I thought about it. "Yes, I will tell you about Luke" - it took a second for Cassie to register that Luke was the name of the boy in question - "if something does happen. However," I sighed, "I don't know whether it will."

 

"Luke would be crazy not to." Cassie rotated her head, our eyes staring at each others, sharing words that needn't be spoken aloud.

 

***********

 

I stayed up terribly late that night, partly due to the blistering heat, which had officially turned into a sweltering, though apparently short-lived heat wave, but mostly because I was awaiting a reply back from the text I'd sent Luke ten minutes before.

 

I don't know what motivated me to do it - a pang of bravery drove me to digging out my phone out of my perfume sample-stacked drawer, quickly typing a simple, yet genial message, and by the time I'd pressed the 'send' button, I'd awakened from my dreamy haze, surprised by my out-of-character actions.

 

Usually, I was always too apprehensive to be the one to make the first move, which would give me the jitters and make me a nervous wreck, so I was utterly unsure where my new-found boldness came from. As I kept reminding myself, if anything did occur, I'd be experiencing a whole new adventure with Luke, who, despite sharing a few of Joel's irresistible traits, was unique in his own way.

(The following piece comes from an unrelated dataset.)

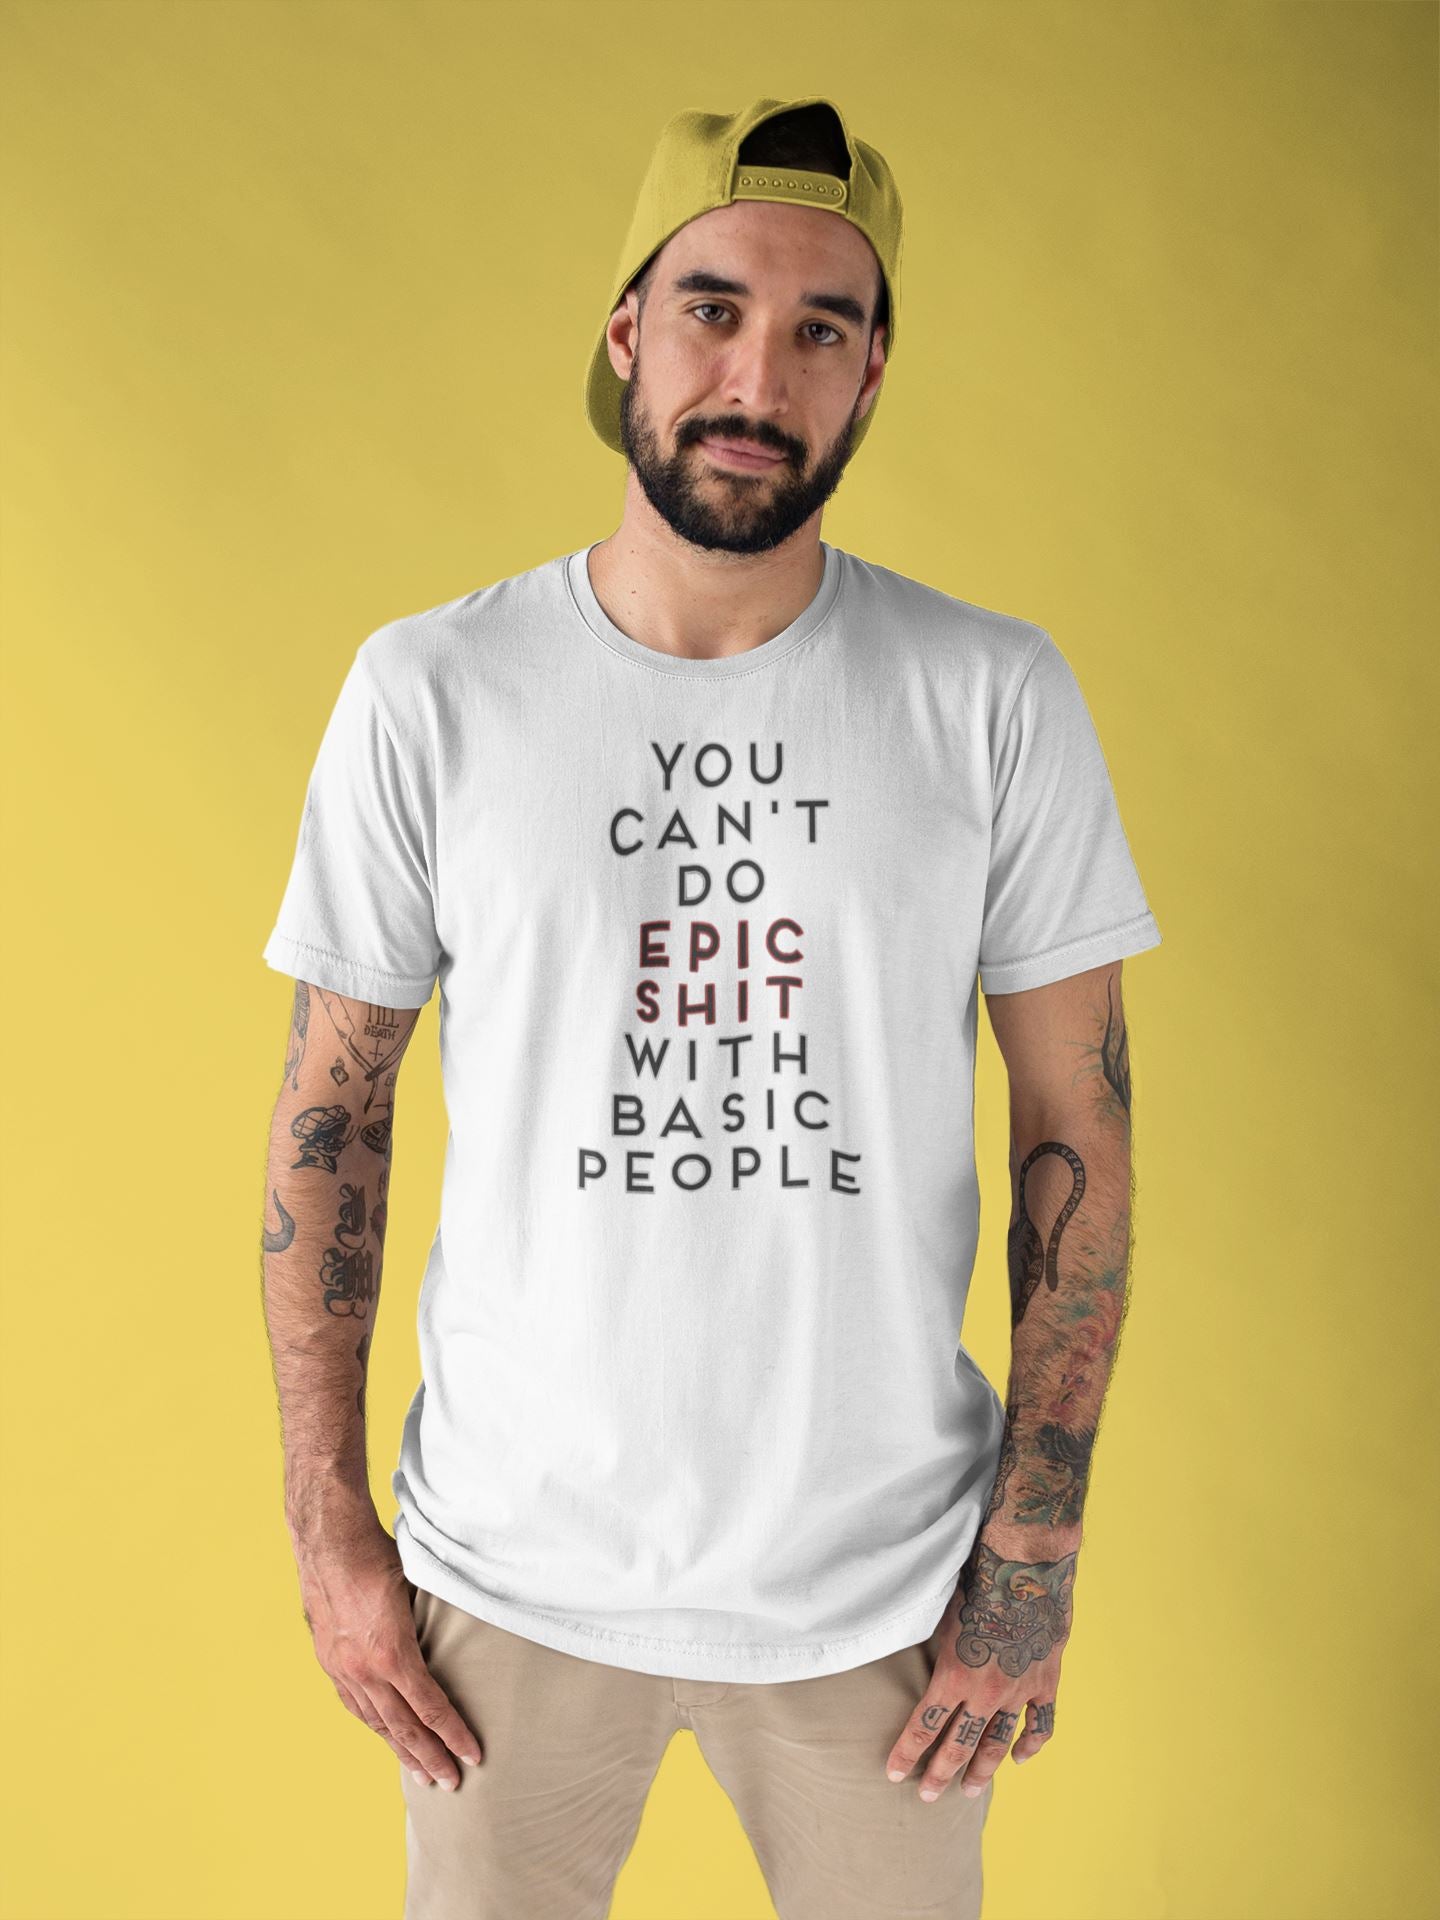 You Can't Do Epic Shit with Basic People Supreme White T Shirt for Men and Women freeshipping - Catch My Drift India

This time, I could start afresh without being the centre of a massive upset or getting lost in the middle of the menacing woods.

 

This time, I was free.

 

For the past day, Luke had been the only person - the sole thing - in my distorted mind, which rewinded every single word, each heart-fluttering smile and break-the-ice laughs, and my heart raced with an unsourceable energy whenever I thought of meeting him again. Sure, he might've considered a reunion - how that 50-years-in-the-future-after-school word made me cringe - within a few weeks, but temptation believed otherwise.

 

I wanted to see him sooner than expected and talk as freely as we did in the filled-to-the-brim restaurant, albeit without a crowd listening to our every word.

 

When the ringtone rang through the still, silent air, I almost jumped out of my skin as if I'd just seen a ghost, even though I'd spent the previous ten minutes anticipating the message. Brushing my hands shakily through my sweaty locks of hair, I grasped my phone from the desk in a breathless rush and read the reply, my eyes darting from each word to another.

 

Sure, I'll meet up with you tomorrow. 2pm ok?

 

It couldn't have been better.

 

*********

 

I eagerly skipped through the daisy-scattered park, which was strangely peaceful for an afternoon, and my lip gloss and Tic Tac-filled handbag bumped against my hips as I moved to an imaginary rhythm, beyond thrilled that I was going to rendez-vous with Luke, who may have become my new and first male friend. A tell-tale sign of change.